As a former LM, i'd like to point out adding a boom to the back end of a cargo aircraft isn't trivial. Assuming it's a two-piece door like the C-17 and C-130 (ramp and cargo door), yeah theoretically you could add it to the cargo door, which opens up and into the upper fuselage; but obviously you'd have to have the fuel lines, necessary hydraulics/control wires etc. attached via flexible lines to the door, and still have enough clearance for the door to retract up against roof of the aft fuselage. I can't speak to the -130, but on the -17 that's not a whole lot of clearance up there, and the door is already used for ramp toe, cargo gate bar, roller tray and centerline seat stowages, along with other small items like the engine core hydraulic hand pump (if Mx actually put it away where it goes, and hasn't been lazy and left it strapped down on the cargo floor somewhere), engine covers, etc. And once the door is open, how far does the boom attachment protrusion stick down? You've now lost a bunch of vertical clearance for pallets, or vehicles driving up and over the ramp crest (which is why mil cargo aircraft have upward-bulged rear fuselages, so tall items like an 18-wheeler trailer or a Chinook helicopter or whatever have upwards room to clear when going across the ramp crest).

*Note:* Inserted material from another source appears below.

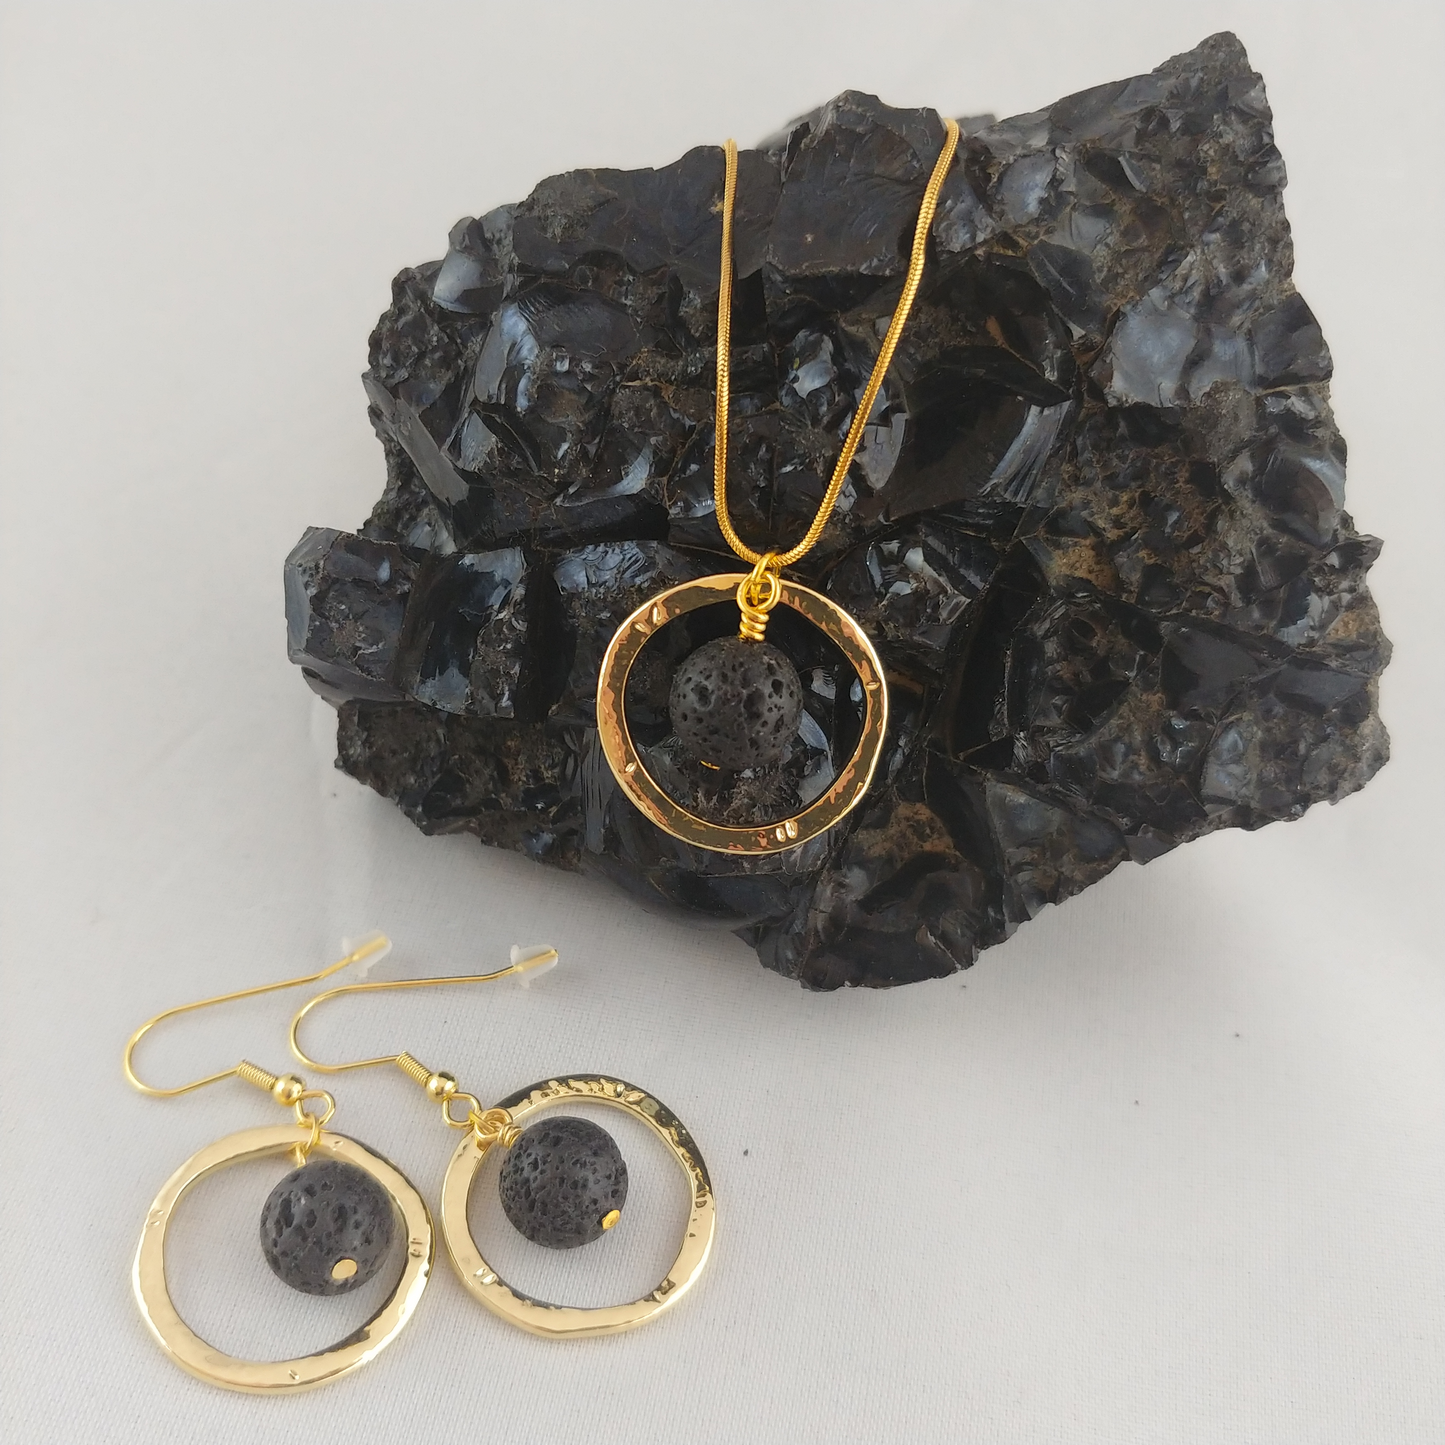 Set of golden colored Jewelry. A golden colored necklace with a golden colored ring with a lava stone in the middle sitting on a black Obsidian display. On the bottom left earrings with golden rings and in the middle lava beads.

The ramp, well on the -17 it's used as a loading and lifting surface (up to 40,000 lbs, and 4 pallet spots in Logistics bias, two in ADS), and there isn't much room to work with. The ramp is obviously intended to go down to the ground so if you somehow had a boom hanging off the bottom of it, it wouldn't be able to do that anymore, and even if it strictly went to horizontal for pallets only there still isn't a lot of clearance underneath, like 3 feet, plus you have the boom sticking out however far behind meaning a k-loader likely can't drive up to the back of the ramp for cargo transfer. Also you'd lose a point of ground egress as the ramp blowdown is somewhat negated now.
Underneath the belly, between the mains yeah I suppose that's a possibility, it's just a low ground clearance (2-3 feet) as cargo planes typically sit low so they can be unloaded at truck bed height, unless you want to do a bunch of hydraulic jackscrew variable-height bullshit like a C-5 and then wonder why the fucker breaks all the time.
The C-97 had a bomb-bay style cargo loading door at the aft fuselage, which looks like steep sketchy shit for loading vehicles, and for the KC-97s the boom pod and boom mount was a plug that went in, in lieu of those doors.
Point of all this is I'd imagine the -390 is really similar to the -17 and -130, and I think the A400M is as well. Mil airlift moved away from the 4-5 door system of petal and bulkhead doors like in the -141, FRED, An-124 and Il-76 for a reason (and it's not like those would help in this situation), and other than manufacturer's concept art I don't think anyone has ever really put a boom on the back of a mil airlifter. It's not a casual undertaking, and I think once you've done that it's kind of a one-way street, hard to imagine it still being an effective airlifter anymore even if it's a secondary ability.
Now that's all for the traditional boom grafted onto the aircraft approach. If you could have the whole tanker setup be a substantial palletized system, with the boom extending out through the cargo door/ramp opening and then down, and able to be entirely sucked back in to close those doors, that could work. But now you're depressurizing every time you give someone gas.